_WHAT THE EXERCISE ASKS_: Starting at the line holding "Different Mockup Object - 20 Vector" and finishing at the line holding "View of a goat", transcribe the material exactly, keeping both ends but no pictures.

_PROVIDED RECORDS_:
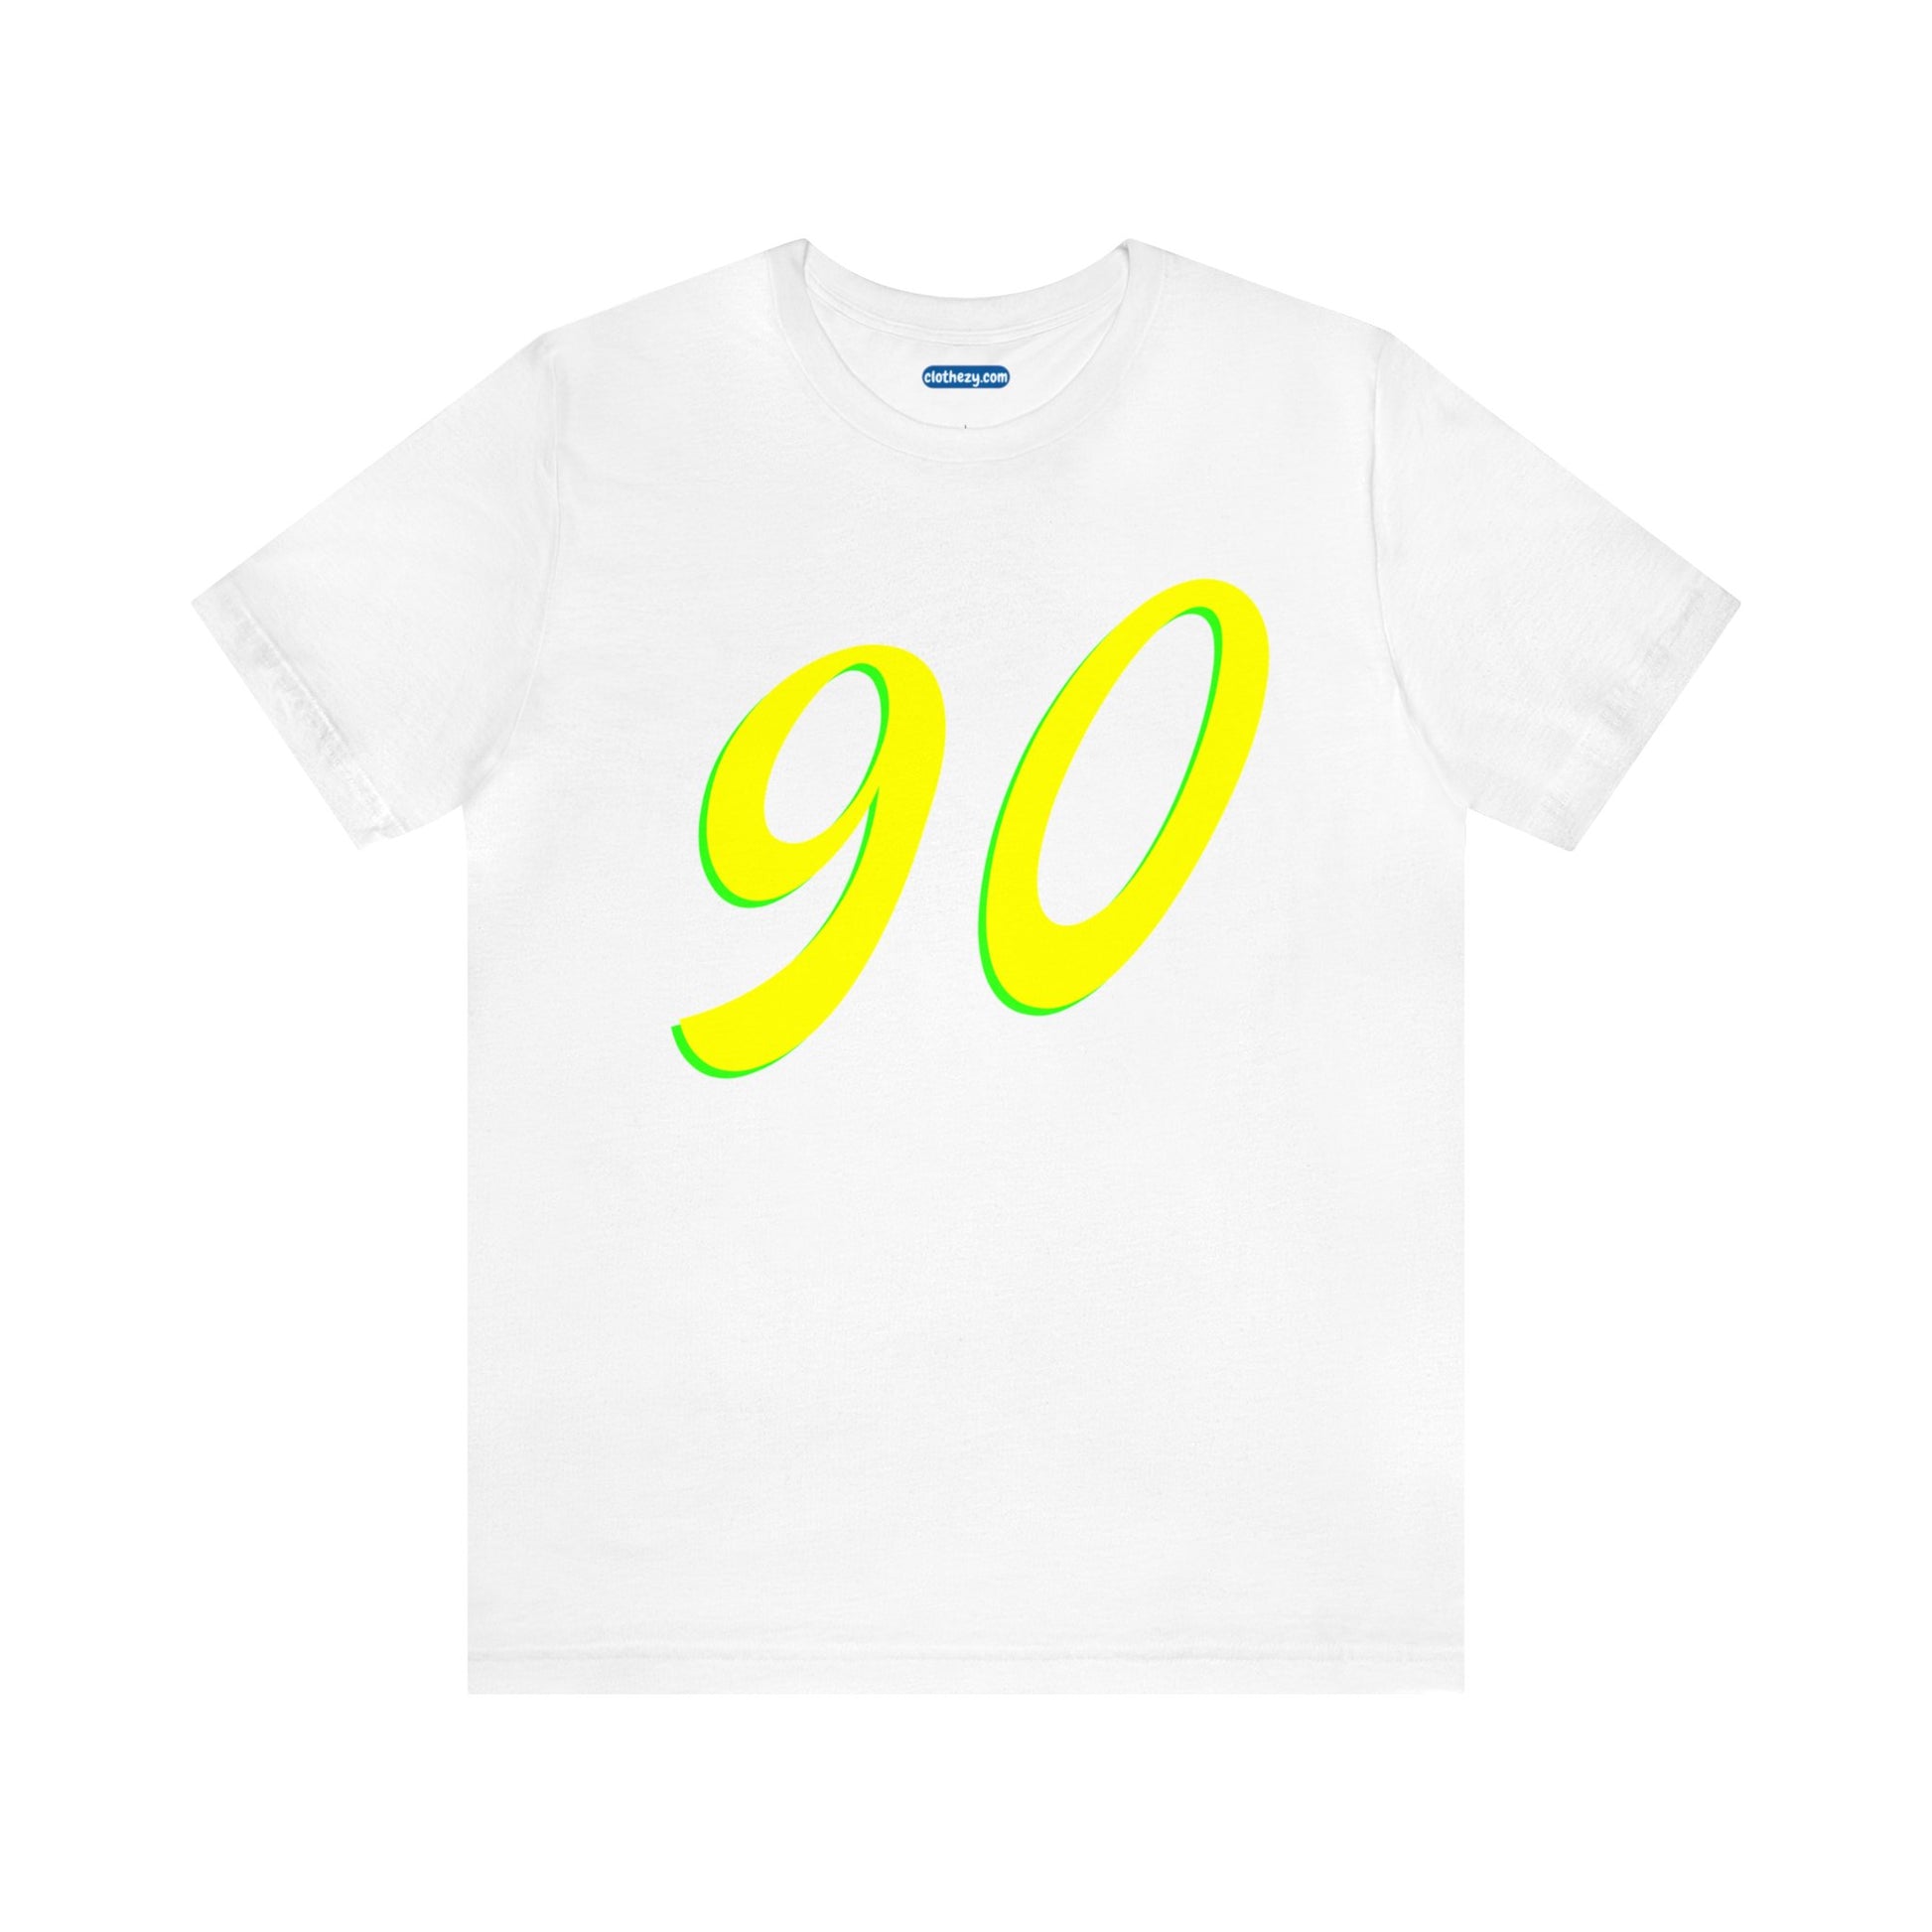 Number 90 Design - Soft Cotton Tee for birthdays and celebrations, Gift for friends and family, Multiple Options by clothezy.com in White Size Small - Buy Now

...

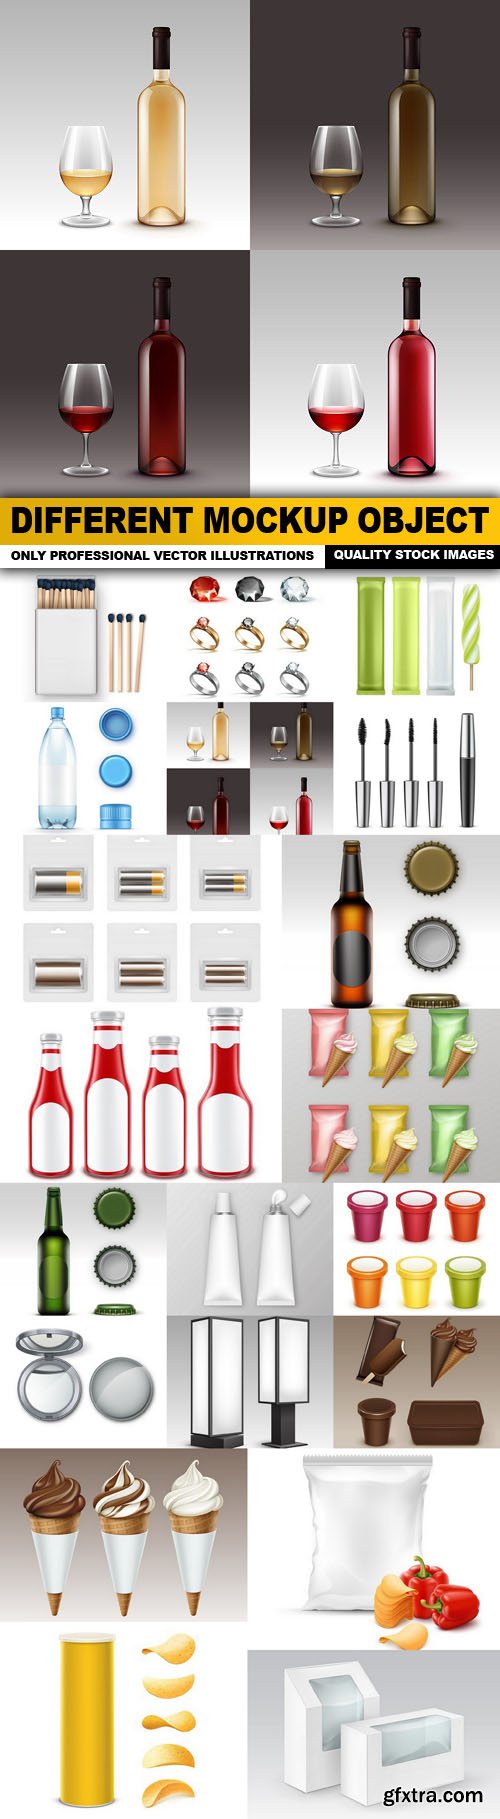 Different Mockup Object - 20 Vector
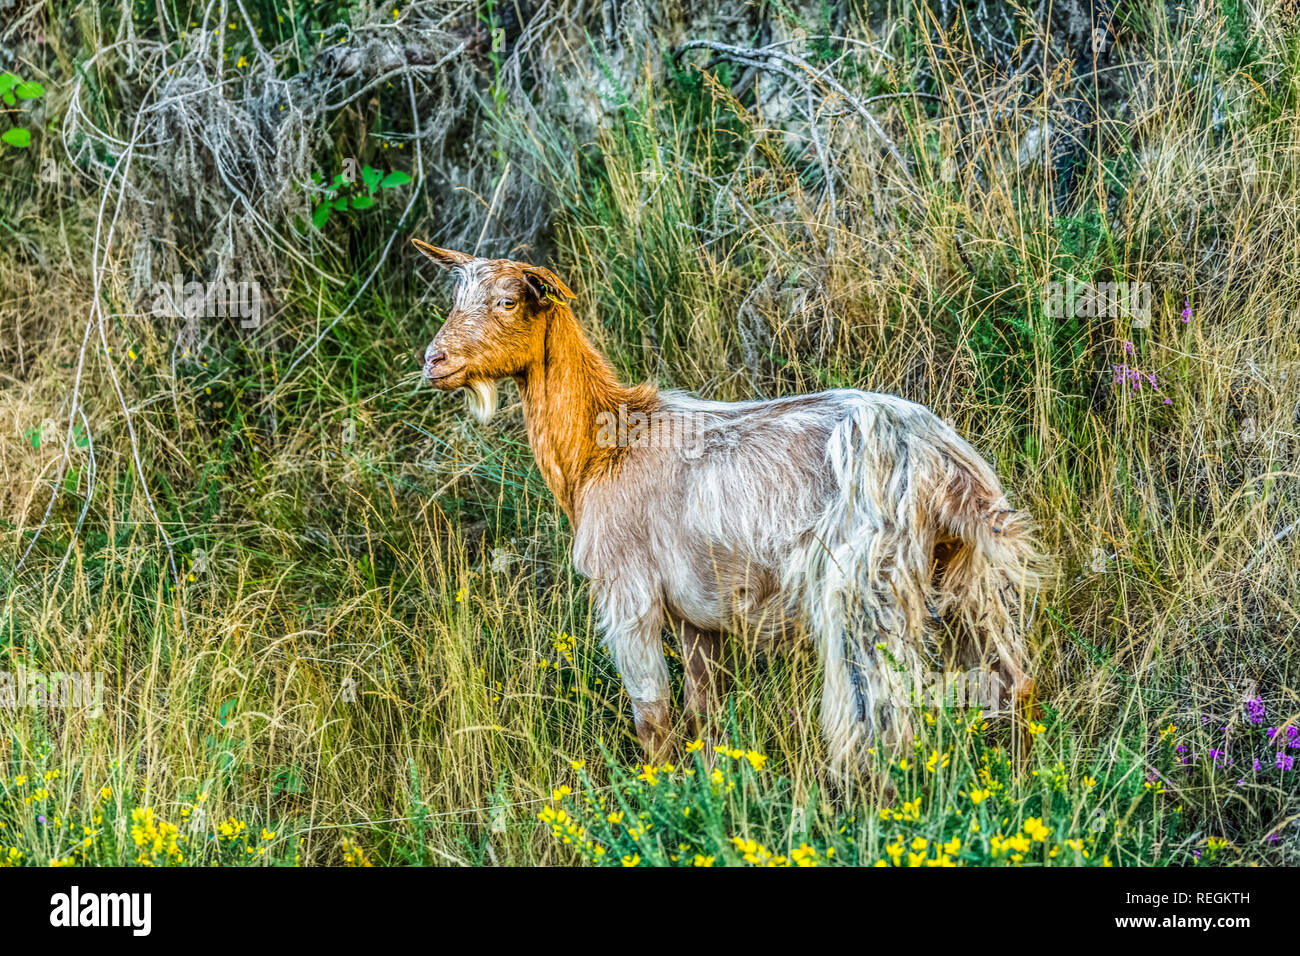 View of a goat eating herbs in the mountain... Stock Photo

==

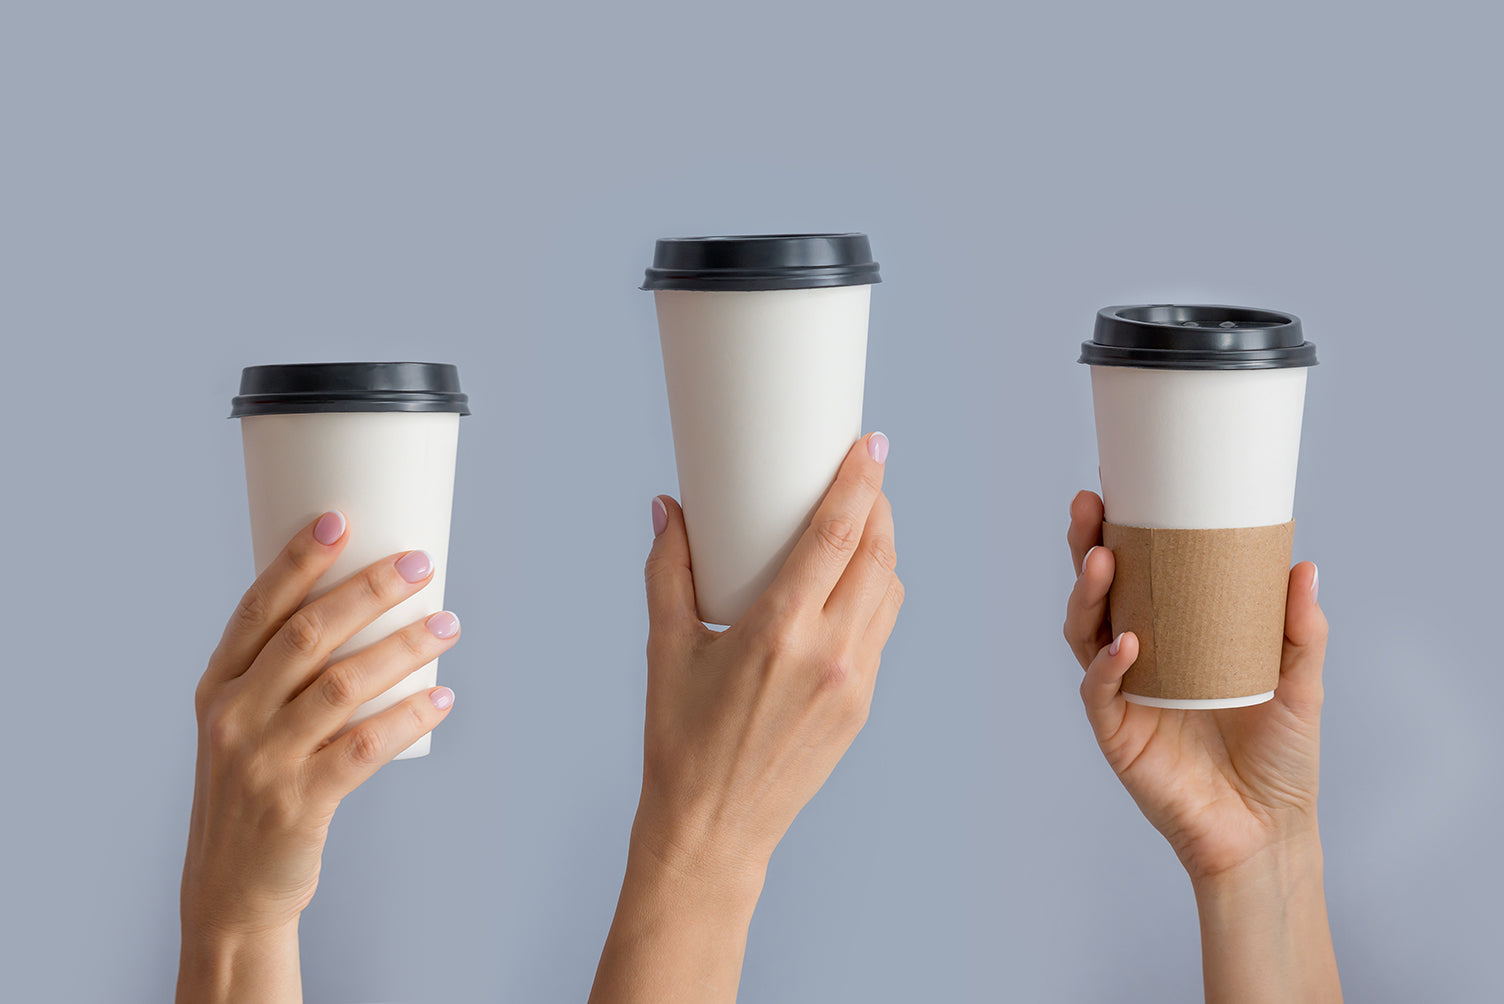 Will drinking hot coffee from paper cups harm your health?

_TASK SOLUTION_:
 Different Mockup Object - 20 Vector
 View of a goat eating herbs in the mountain... Stock Photo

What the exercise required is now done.